Votre assureur est-il assuré ?
Par Nicolas Winter (E05),
PDG de PWA Assurances
La réassurance, mécanisme méconnu du grand public, constitue pourtant l’un des piliers de notre économie moderne. Face à l’intensification des catastrophes naturelles et à l’émergence de nouveaux risques mondiaux, ce système de mutualisation planétaire révèle son rôle crucial : la réassurance comme vecteur de transfert de risque systémique.

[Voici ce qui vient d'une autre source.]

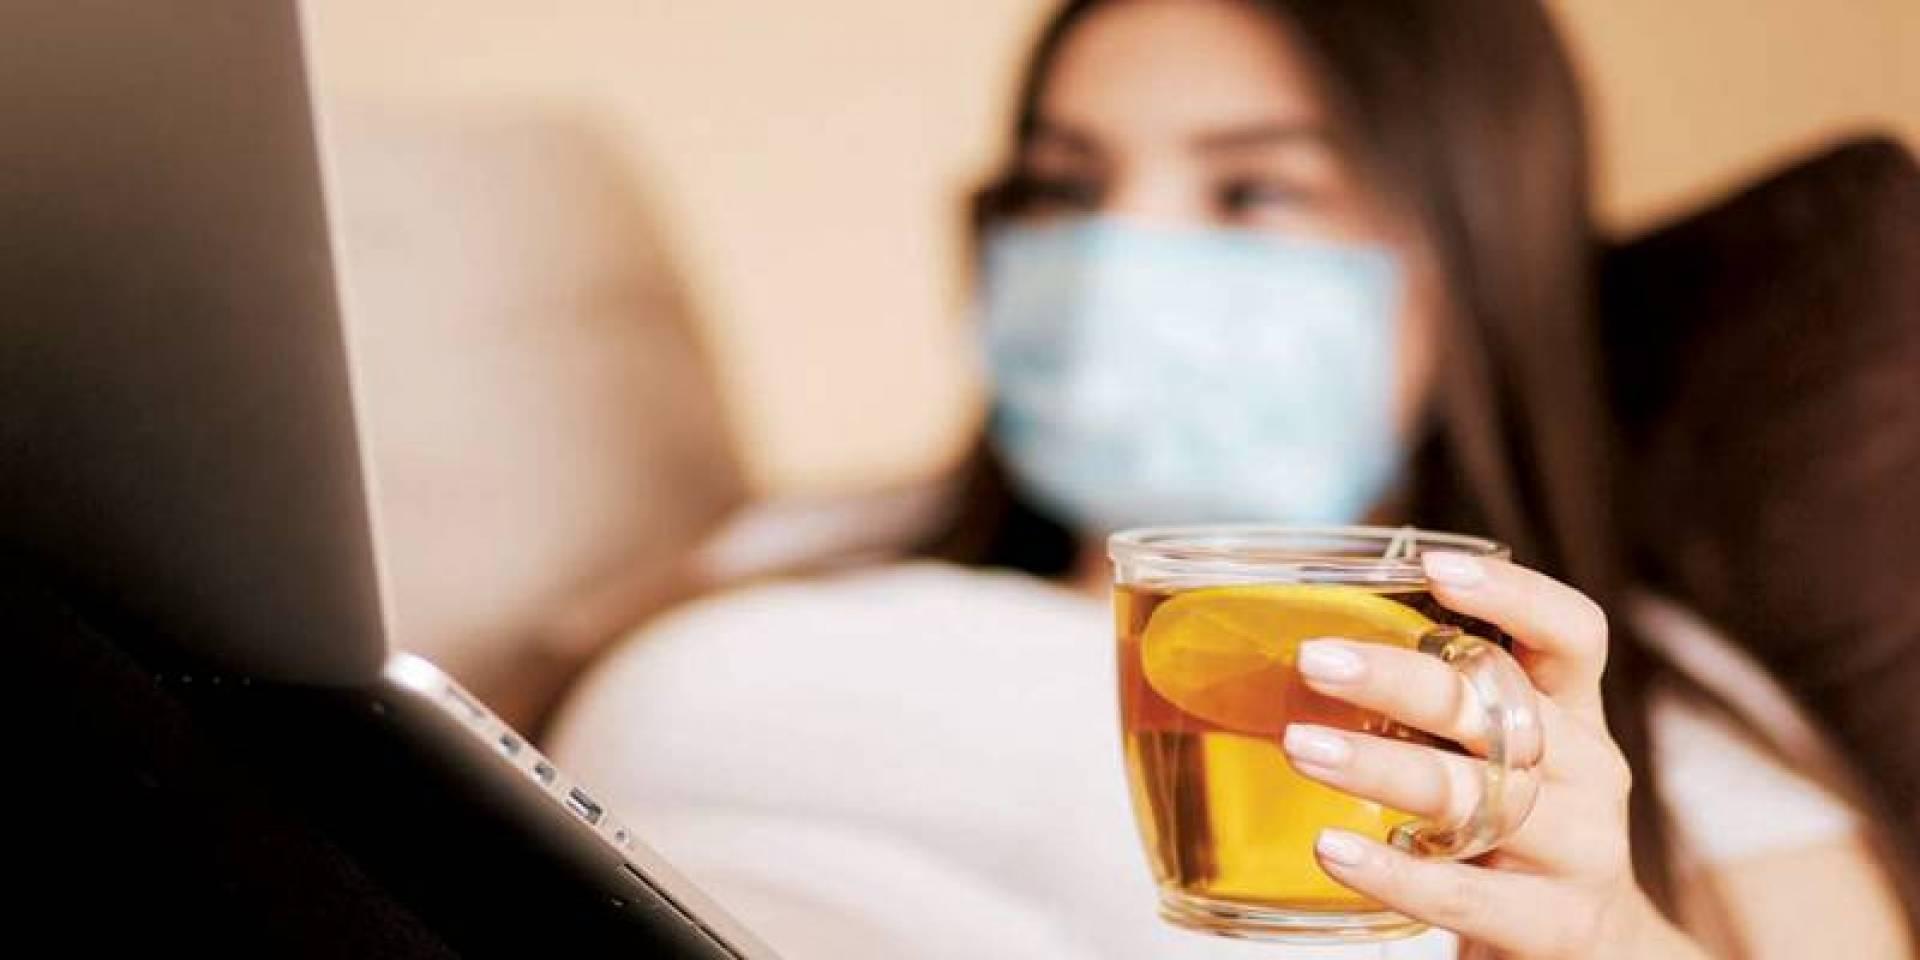 «ديلي ميل»: إياكم وكثرة شرب الشاي في أوقات الحظر!

Bien que souvent décrié, le secteur de l’assurance demeure un univers méconnu avec des enjeux complexes et diversifiés où les ingénieurs, actuaires, et data scientists ont de nombreuses opportunités de contribuer à la maîtrise de la matière première du secteur : le risque. 

 

Que couvrent les assureurs ?

 

L’assurance joue un rôle clé dans l’économie, permettant aux acteurs publics et privés de se protéger financièrement, de réduire ou d’atténuer les risques, de stabiliser les marchés, d’investir ou d’aider les citoyens à épargner pour leur retraite ou leur avenir. Regardons d’un peu plus près ce qu’est l’assurance. Nous distinguons communément deux grandes familles de portefeuilles :

  • Les risques “vie” qui couvrent les aléas liés à la vie humaine (retraite, invalidité ou décès), qui sont souvent des risques à long terme qui peuvent inclure une composante d’épargne ou d’investissement. Les prestations versées sont des capitaux ou des rentes à échéances convenues.
  • Les risques “non-vie” qui couvrent les aléas liés aux biens (assurance auto, habitation, industrielle), aux responsabilités civiles ou à la santé. Les contrats sont en général convenus à court terme (1 an renouvelable) et les indemnisations vont permettre de couvrir des frais ou des remboursements de sinistres (vols, incendie, etc.).

 

Principes généraux

 

Les assureurs mutualisent l’impact financier d’un évènement qui pourrait s’avérer désastreux pour un seul assuré. Il faut pour cela réunir des conditions d’assurabilité notamment :

  • Un groupe suffisamment important pour créer de la mutualisation
  • Des données disponibles pour calculer le coût du risque
  • Des cotisations abordables pour les clients
  • Un scénario de perte maximale acceptable pour l’assureur 
  • Limiter l’antisélection (seulement les profils les plus risqués souscrivent) car le risque doit rester aléatoire

 

Modèle économique de l’assurance

 

Dans le rapport annuel d’un assureur, vous ne retrouverez pas les indicateurs habituels de rentabilité tels que les marges d’exploitations ou les EBITDA. Les assureurs ont un modèle économique à deux vitesses : 

  • La marge opérationnelle, souvent appelée ratio combiné, qui correspond au résultat de la souscription des risques : il s’agit du ratio entre les sinistres payés plus les frais de fonctionnement (gestion, distribution, etc.) et les primes encaissées. 
  • Le résultat financier qui provient de la fructification des capitaux placés.

Ainsi, l’augmentation des primes souscrites par l’assureur permet de maximiser le montant des capitaux qu’il pourra faire fructifier, mais il doit garder sous contrôle son résultat de souscription. Ce dernier est rapidement sous pression en cas de sous-tarification ou d’augmentation des risques pendant la période du contrat. Le marché français de la complémentaire santé, qui fait débat dans la presse en ce début 2026, présente les résultats de souscription suivants en 2024 : les contrats de santé individuelle présentent un ratio combiné de 95 % (votre assureur gagne 5 euros quand vous versez 100 euros de prime) et les contrats de santé collective présentent un ratio de 101,8 % (l’assureur de votre entreprise perd 1,8 € quand votre employeur verse 100 euros de prime)1

 

Un assureur est-il assuré ?

 

Revenons à notre question initiale : votre assureur est-il lui-même assuré ? La réponse est bien entendu positive, et le principal mécanisme d’assurance entre assureurs est appelé la réassurance. Un assureur peut mettre en place deux types de protection :

  • Un “traité” de réassurance protège l’ensemble d’un portefeuille sans distinction des risques individuels couverts. L’assureur cède systématiquement une partie de ses risques à un réassureur, selon des règles prédéfinies (pourcentage, plafond, type de risque).

Par exemple, un assureur cède 10 % des cotisations de son portefeuille automobile et en retour 10 % des sinistres automobiles sont protégés par le réassureur.

  • Une réassurance “facultative” permet au cas par cas à l’assureur de proposer un transfert de risque à des réassureurs pour une négociation individuelle. Il peut s’agir de risques exceptionnels, comme des grands projets de construction ou des complexes industriels présentant des risques pouvant avoir un impact élevé sur les capitaux des assureurs en cas de sinistre catastrophique (une raffinerie, des usines de semi-conducteurs, des mines, etc.).